I Don't Think That Number Means What You Think It Means (No Pun Intended)
Statistics don't lie, but they can mislead
Figures don't lie, but sometimes people are confused by what certain numbers denote (I’m not going to write “mean” again — yet).
You have probably heard people say something like, “In the olden days, people only lived to be 45 years old.”
But was that really the case, that people died of old age at 45, in a sort of Benjamin Button (progeria) fashion? No. Those who think that are confused by averages. Many people in 19th Century America lived to be eighty or ninety years old, the same way many of us today still do. But there were more who died young, skewing the average (or the “mean,” to be more precise).
Consider this: Many women gave birth to lots of children in those times, sometimes as much as a dozen or more. However, a fairly large percentage of their babies died at birth or shortly thereafter, or from childhood diseases when they were still quite young. Actually, if you lived through those dangerous events (birth) and years (when susceptible to childhood diseases), your chances were pretty good of living to a “ripe old age.”
Take a family with ten children, who lived to these ages (where “0” means they died at birth):
Father: 76
Mother: 80
Child 1: 82
Child 2: 0
Child 3: 2
Child 4: 85
Child 5: 76
Child 6: 5
Child 7: 68
Child 8: 3
Child 9: 91
Child 10: 8
The average lifespan of the family was 48 (576 / 12), but there were three octogenarians and one nonagenarian in the group. So you see, average (the mean) can be misleading.

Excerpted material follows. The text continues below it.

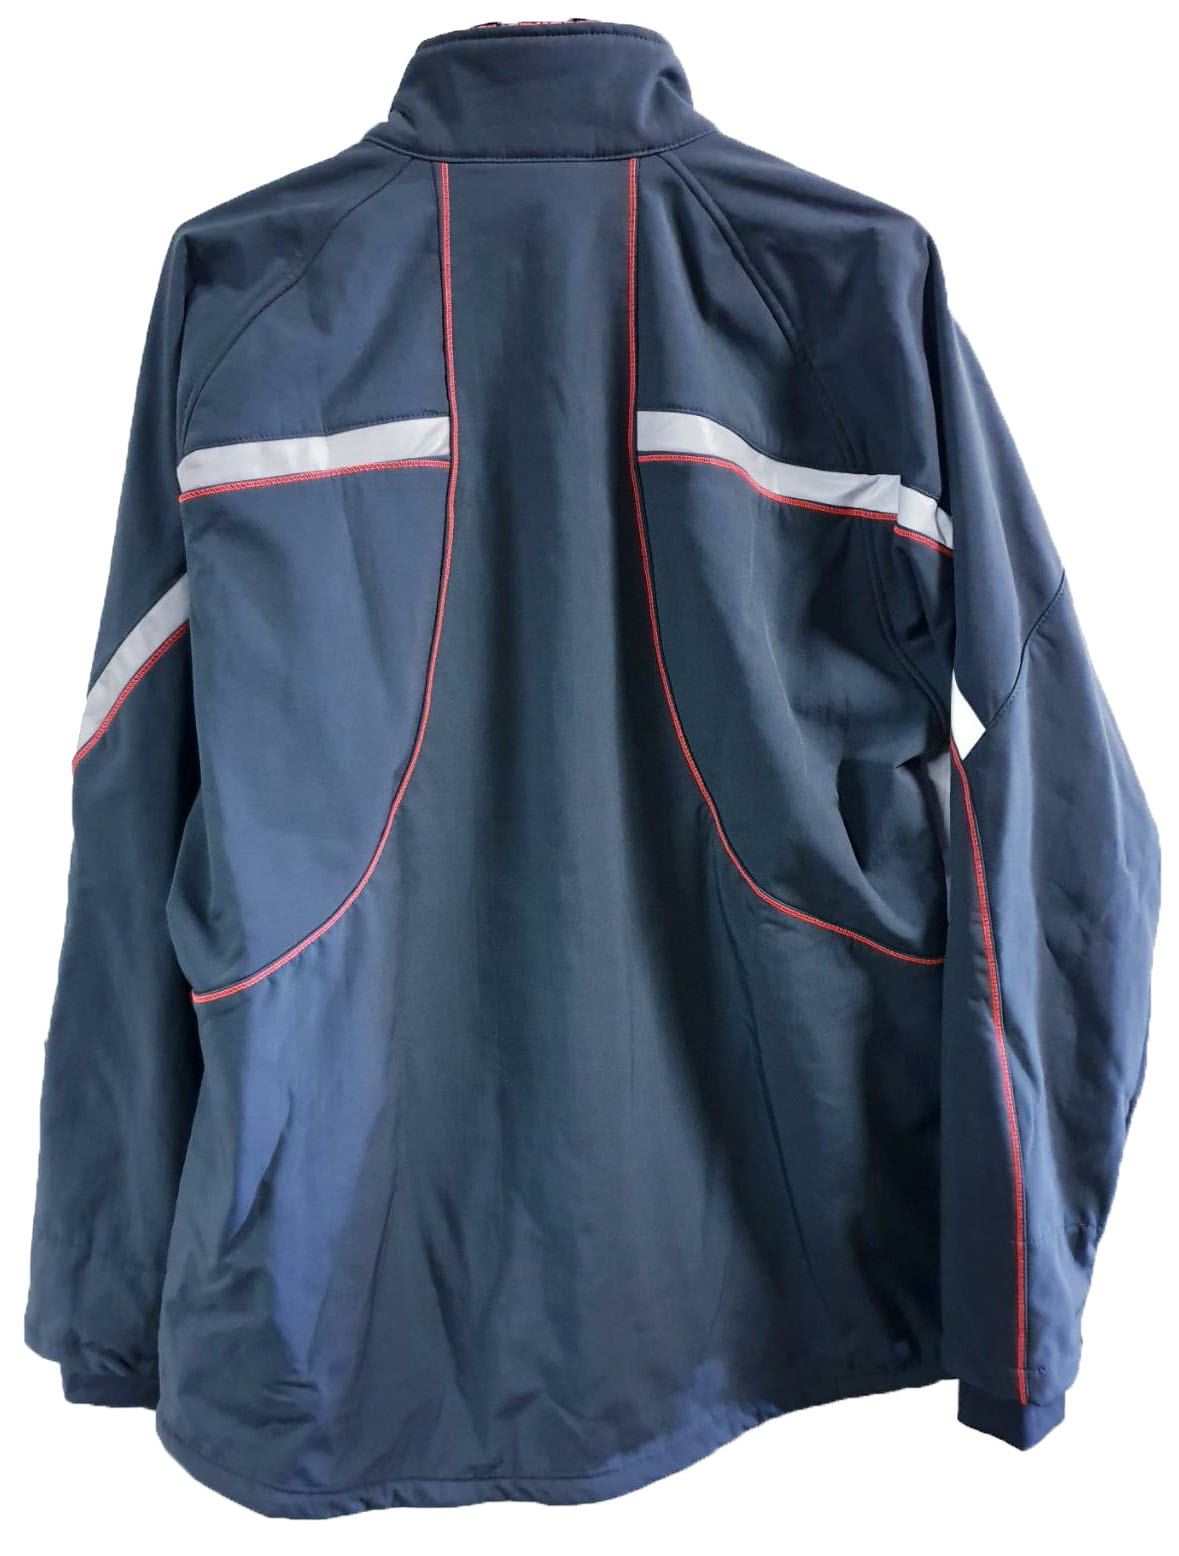 Asics Men's Ultra Waterproof Running Jacket with Reflector Strip, Dark Grey, Medium - image 4 of 6
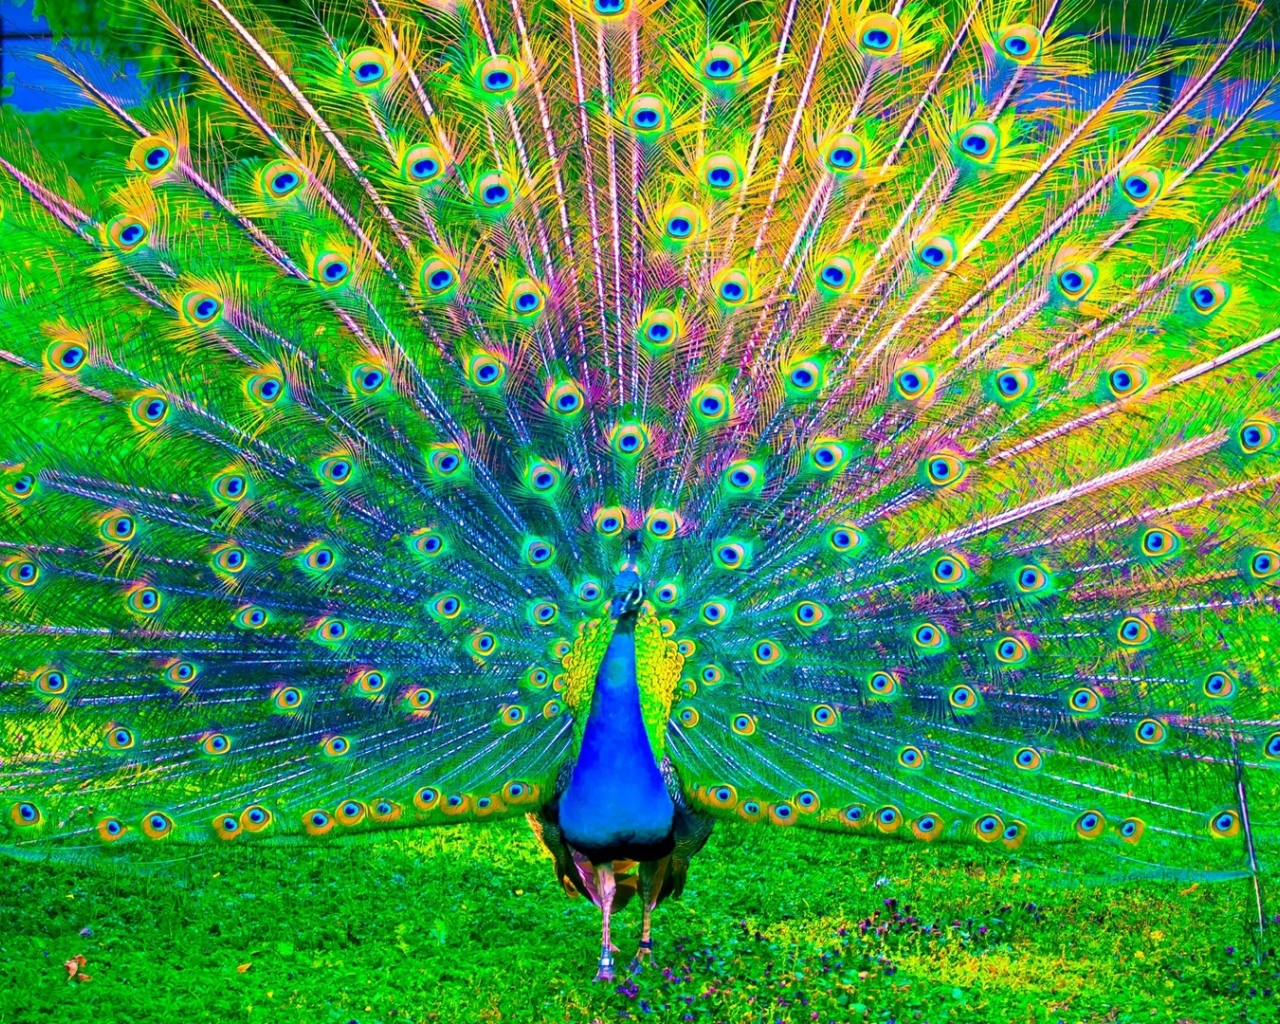 Download 1280x1024 Wallpaper Peacock, Peafowl Colorful Bird Dance, Standard  5:4, Fullscreen, 1280x1024 Hd Image, Background, 6313

It is sometimes more telling to use the median rather than the mean (or “average”). Let’s list the ages from youngest to oldest:
0, 2, 3, 5, 8, 68, 76, 76, 80, 82, 85, 91
In this case, the median (the number in the middle) is 72 (68 and 76 are in the middle, and the number between them is 72). This is a pretty good estimate of how long you could have expected to live if you died “of old age” rather than the aforementioned causes of an early demise.
Another method of arriving at a representative figure is the mode, which is the number in the set that occurs most frequently. In our small sample, it is 76, as that is the only lifespan that appears more than once (appearing twice). Again, this (the mode) gives a clearer picture of “how long people lived” back then than the mean, or average, does.
Figures don’t lie, but they can mislead the unwary or inattentive. As Mark Twain put it, “There are lies, damned lies, and statistics.”